🤖 AI Summary
Feedforward 3D Gaussian Splatting (3DGS) suffers from coarse primitive localization, low efficiency, and severe rendering artifacts due to its reliance on fixed-pixel grids.
Method: We propose a sub-pixel–level adaptive primitive detection architecture. Our approach introduces a keypoint-inspired multi-resolution decoder that enables pose-agnostic, end-to-end self-supervised learning of sparse Gaussian primitive distributions. We integrate multi-scale feature decoding, self-supervised 3D reconstruction, and differentiable rasterization. Notably, we empirically discover that Gaussian rendering optimization concurrently improves camera pose estimation accuracy.
Results: Our method achieves state-of-the-art performance in real-time feedforward 3DGS: novel-view synthesis completes in seconds; primitive count reduces by over 50%; rendering artifacts are significantly suppressed; and geometric detail fidelity is markedly enhanced—demonstrating superior efficiency, accuracy, and visual quality.
📝 Abstract
Feed-forward 3D Gaussian Splatting (3DGS) models enable real-time scene generation but are hindered by suboptimal pixel-aligned primitive placement, which relies on a dense, rigid grid and limits both quality and efficiency.
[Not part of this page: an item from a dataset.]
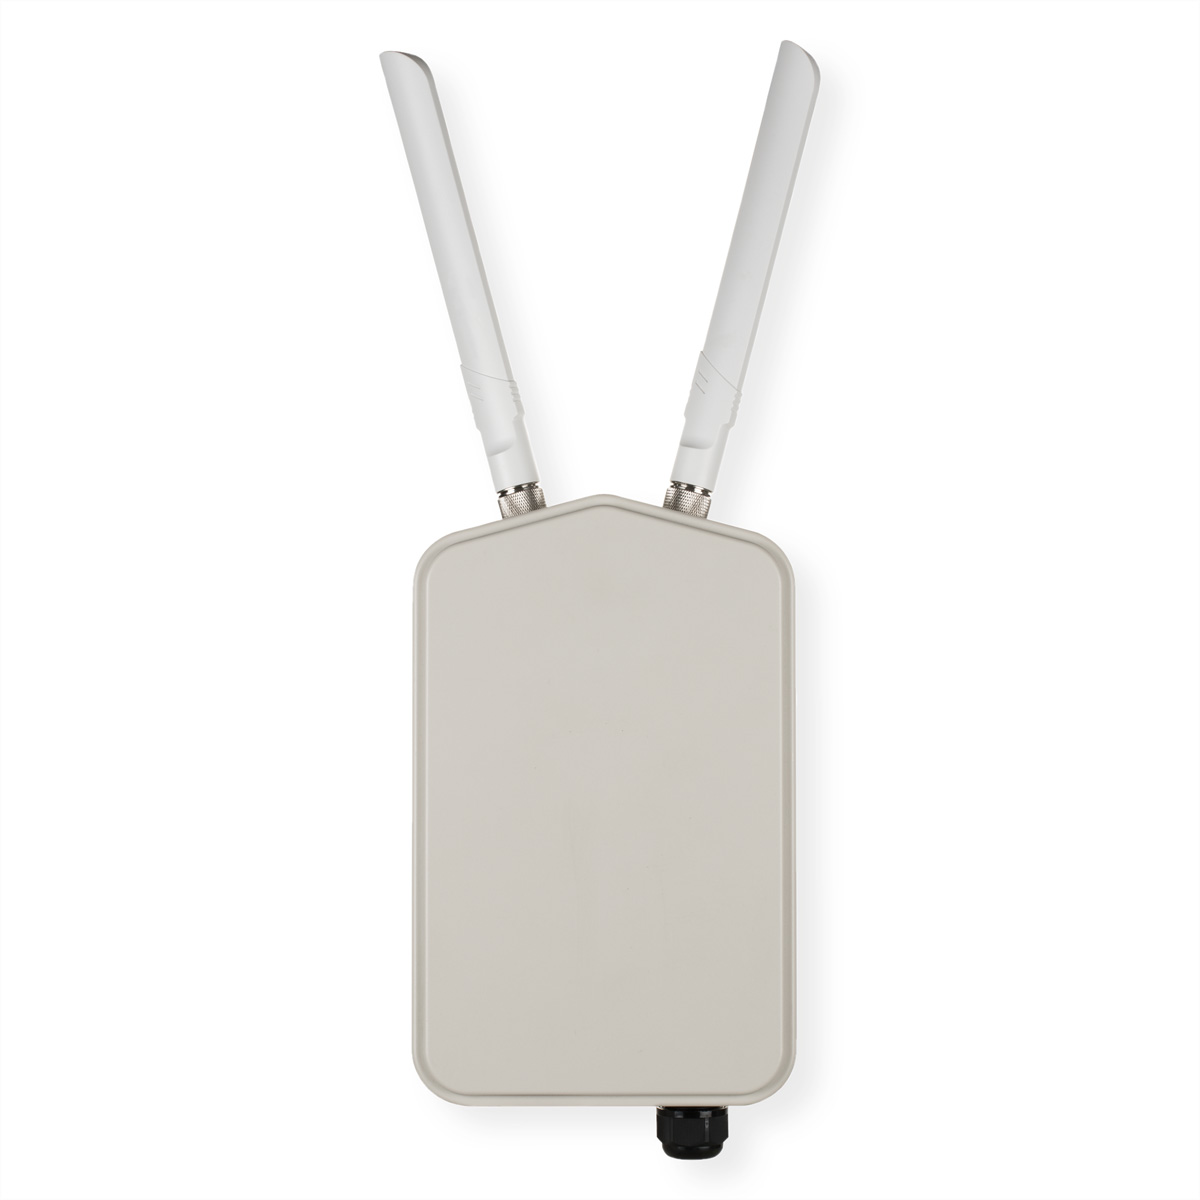 AC1300 DWL-8720AP Dual Band Wave Unified Gbit/s 1,3 Access Access Outdoor Point D-LINK Point 2

We introduce a new feed-forward architecture that detects 3D Gaussian primitives at a sub-pixel level, replacing the pixel grid with an adaptive, "Off The Grid" distribution. Inspired by keypoint detection, our multi-resolution decoder learns to distribute primitives across image patches. This module is trained end-to-end with a 3D reconstruction backbone using self-supervised learning. Our resulting pose-free model generates photorealistic scenes in seconds, achieving state-of-the-art novel view synthesis for feed-forward models. It outperforms competitors while using far fewer primitives, demonstrating a more accurate and efficient allocation that captures fine details and reduces artifacts. Moreover, we observe that by learning to render 3D Gaussians, our 3D reconstruction backbone improves camera pose estimation, suggesting opportunities to train these foundational models without labels.